● Task brief:
Write out an exact copy of the line containing "Cairo, Egypt - 1994" and all lines that follow it in the data below, leaving out pictures.

● Input data:
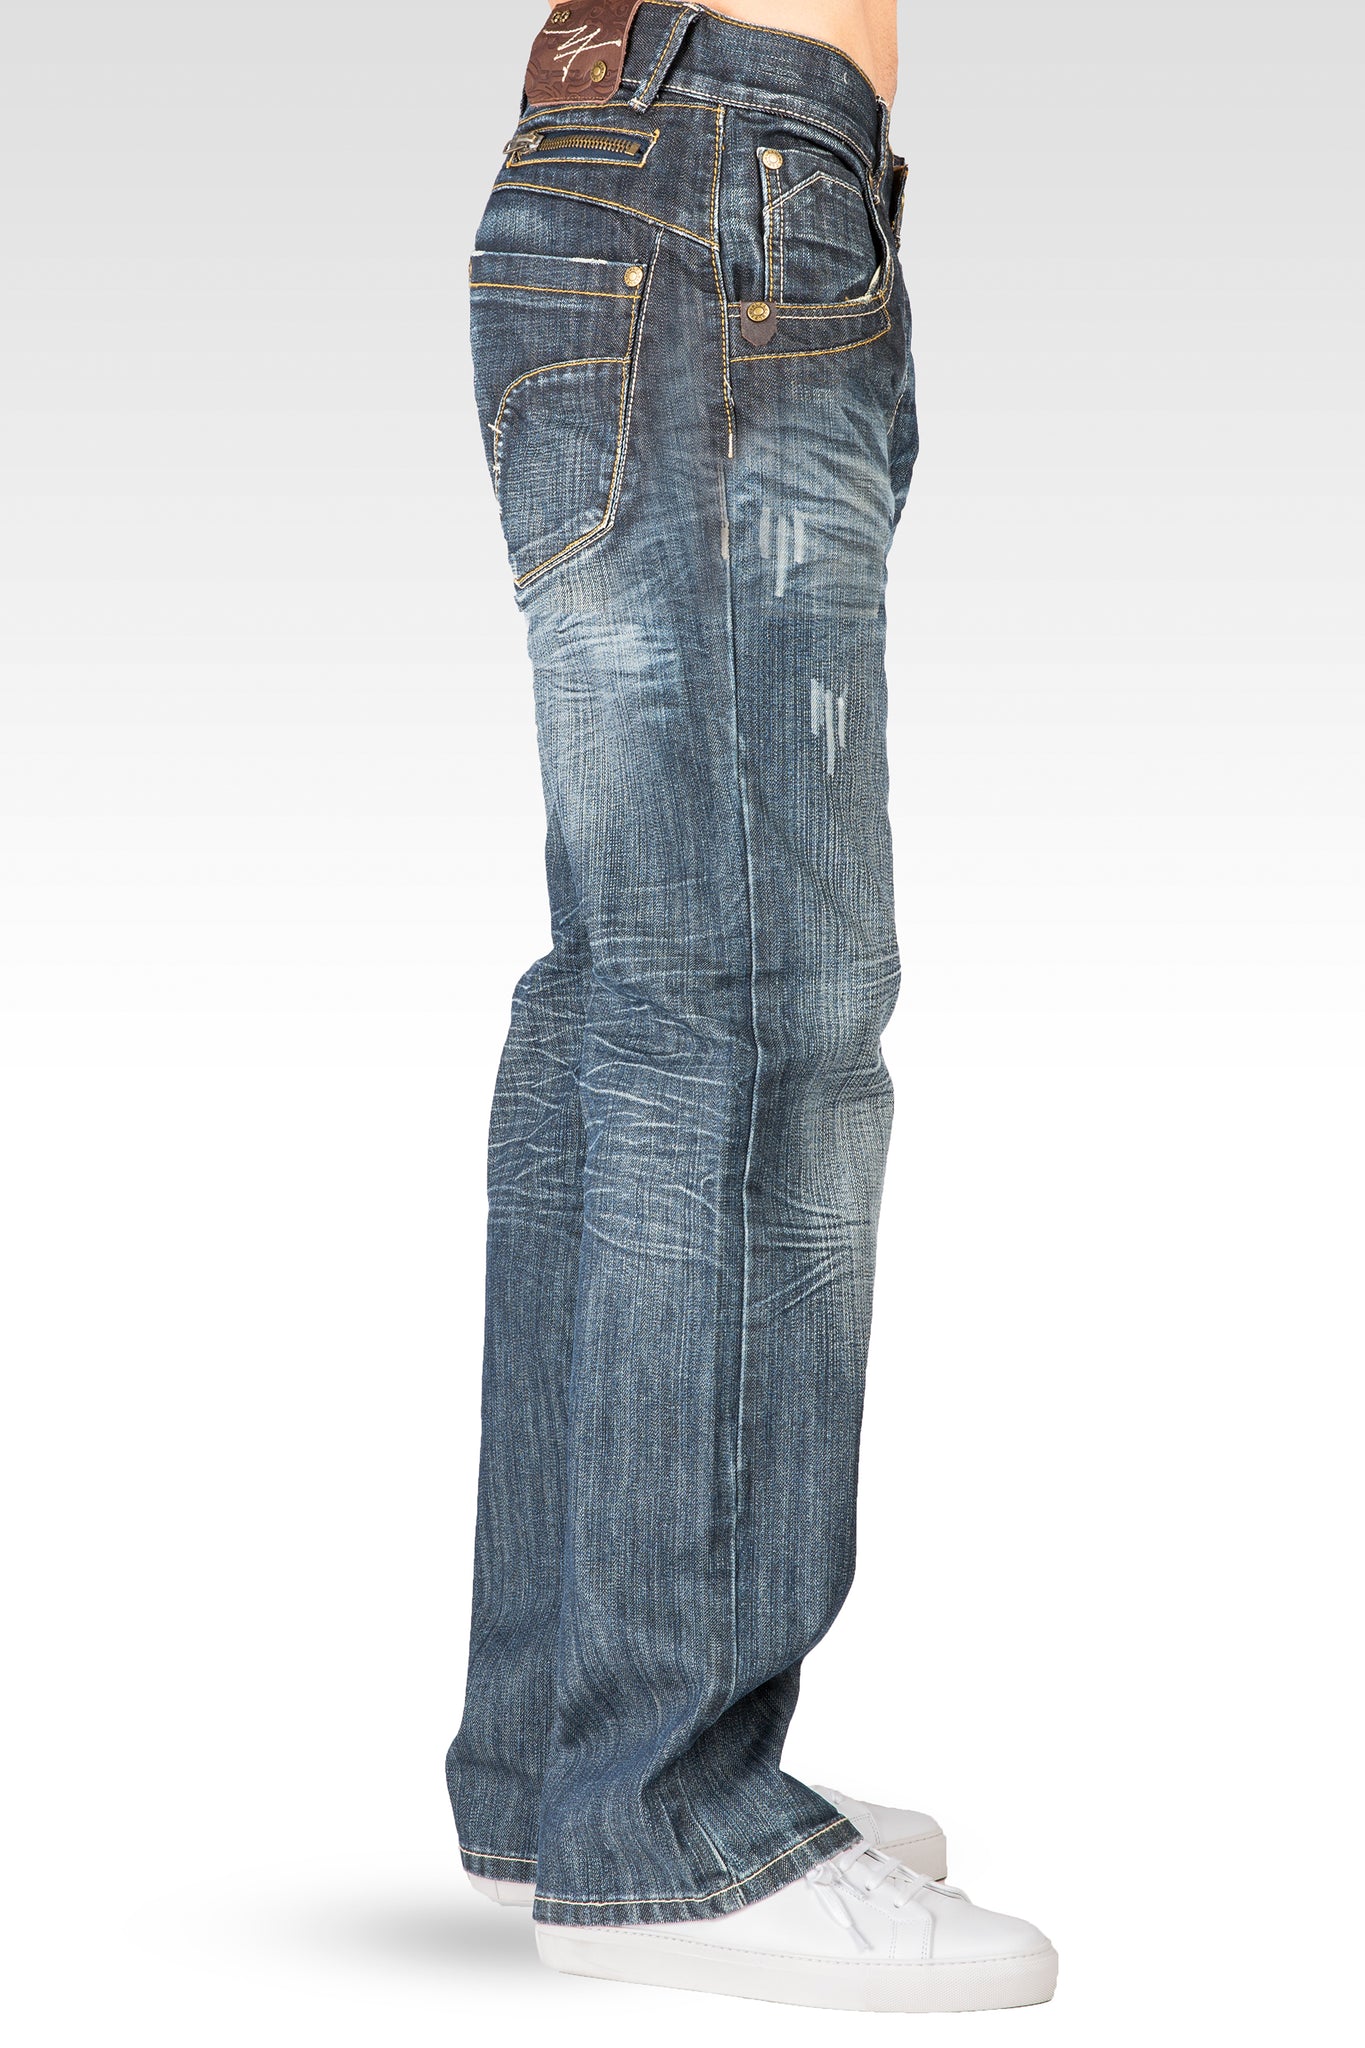 Men's Relaxed Bootcut Premium Denim Medium Blue Distressed Jean Zipper Utility Pocket
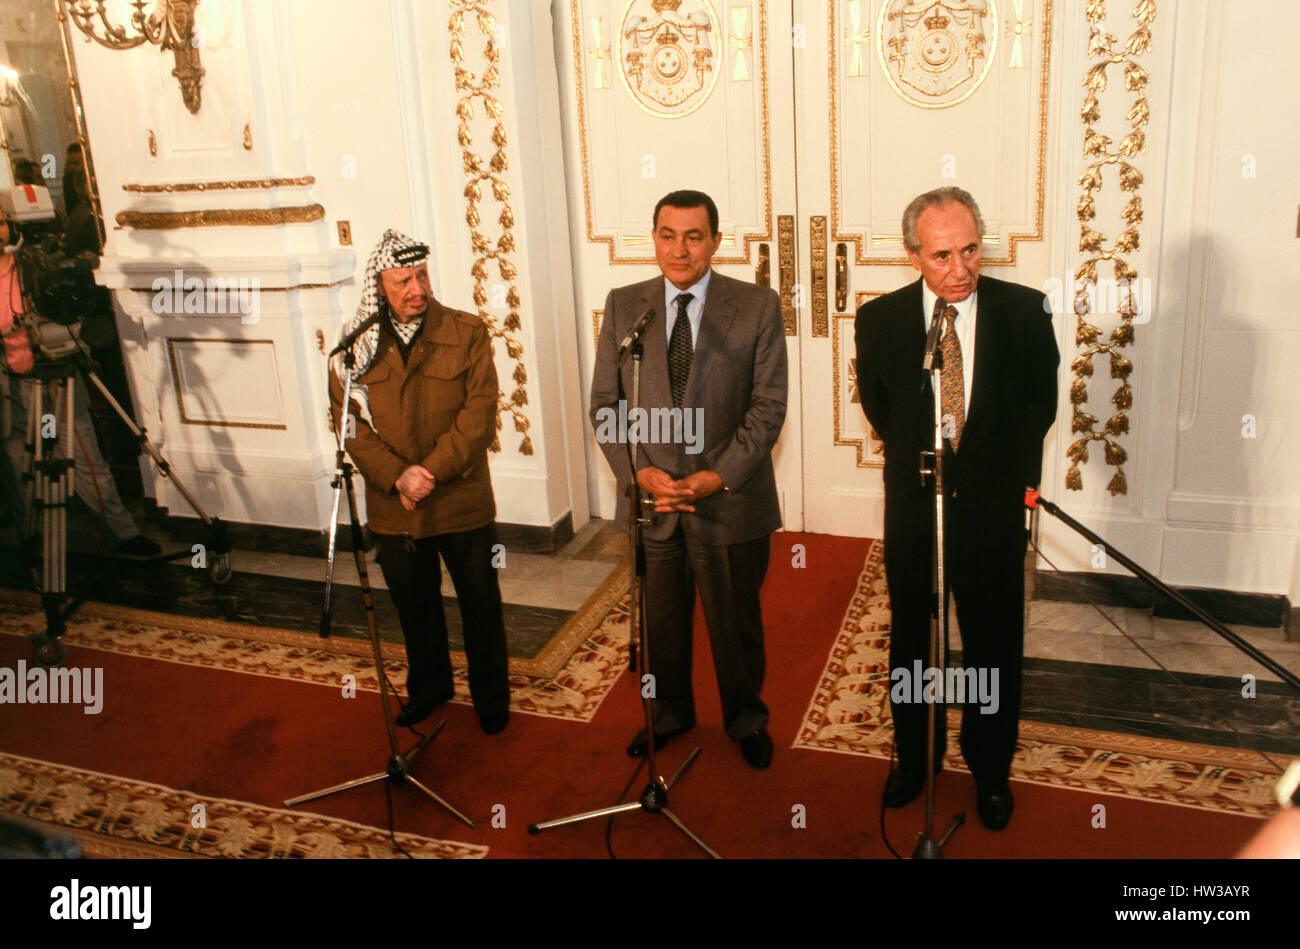 Cairo, Egypt - 1994 - Egyptian President Hosni Mubarak hosts peace talks between Palestinian Leader Yasser Arafat and Israeli Foreign Minister Shimon Peres. Stock Photo
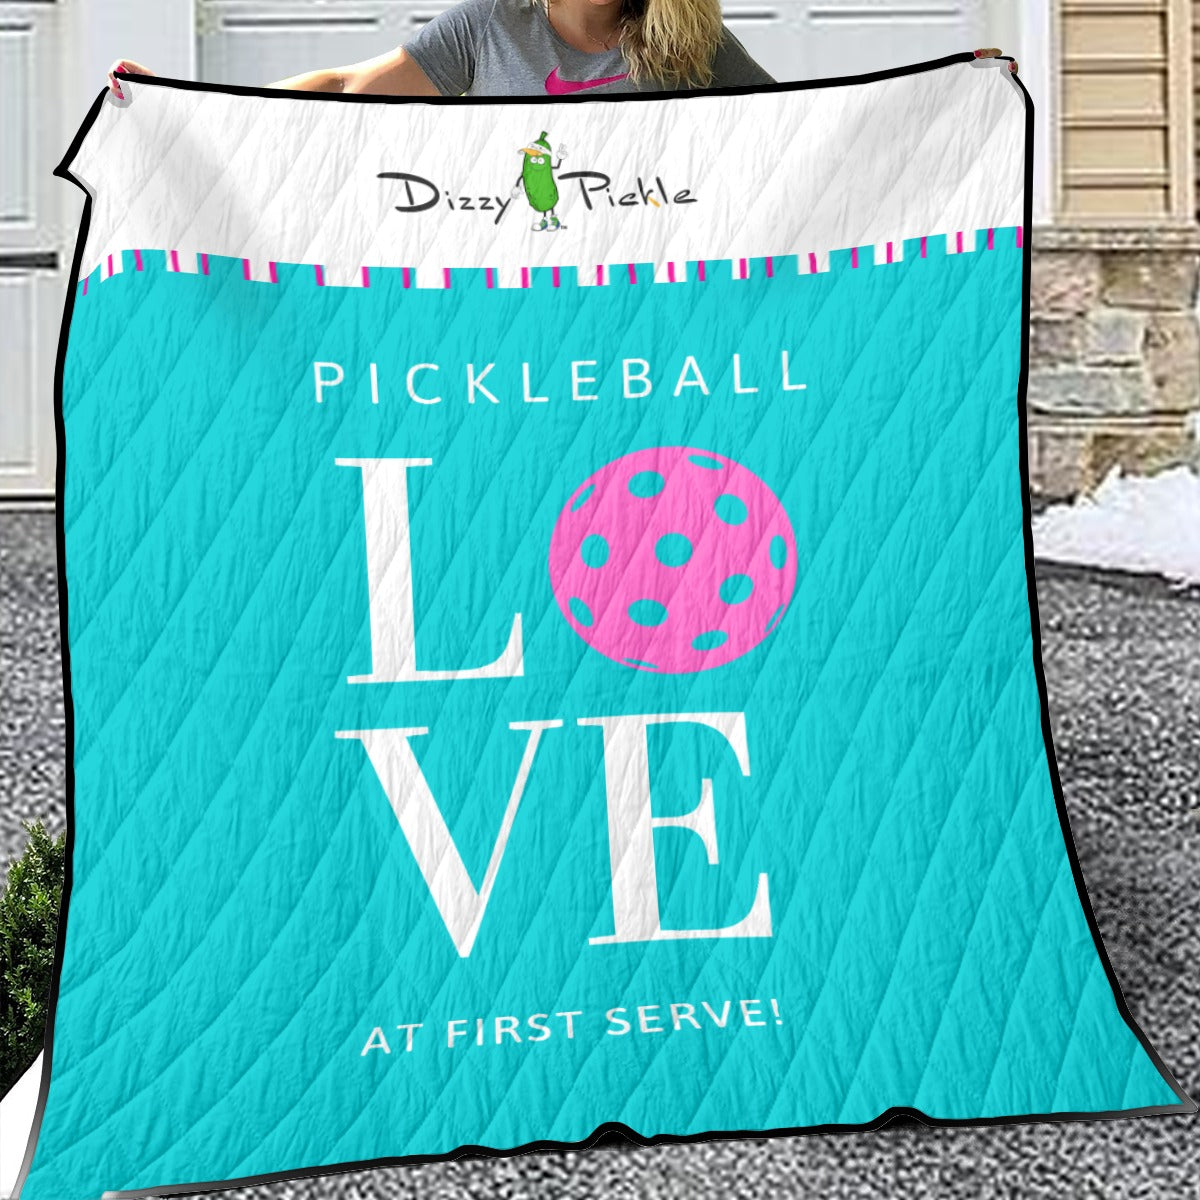 Pickleball Love at First Serve - Teak/Pink - Lightweight Quilt by Dizzy Pickle

● Response box:
 Cairo, Egypt - 1994 - Egyptian President Hosni Mubarak hosts peace talks between Palestinian Leader Yasser Arafat and Israeli Foreign Minister Shimon Peres. Stock Photo
 Pickleball Love at First Serve - Teak/Pink - Lightweight Quilt by Dizzy Pickle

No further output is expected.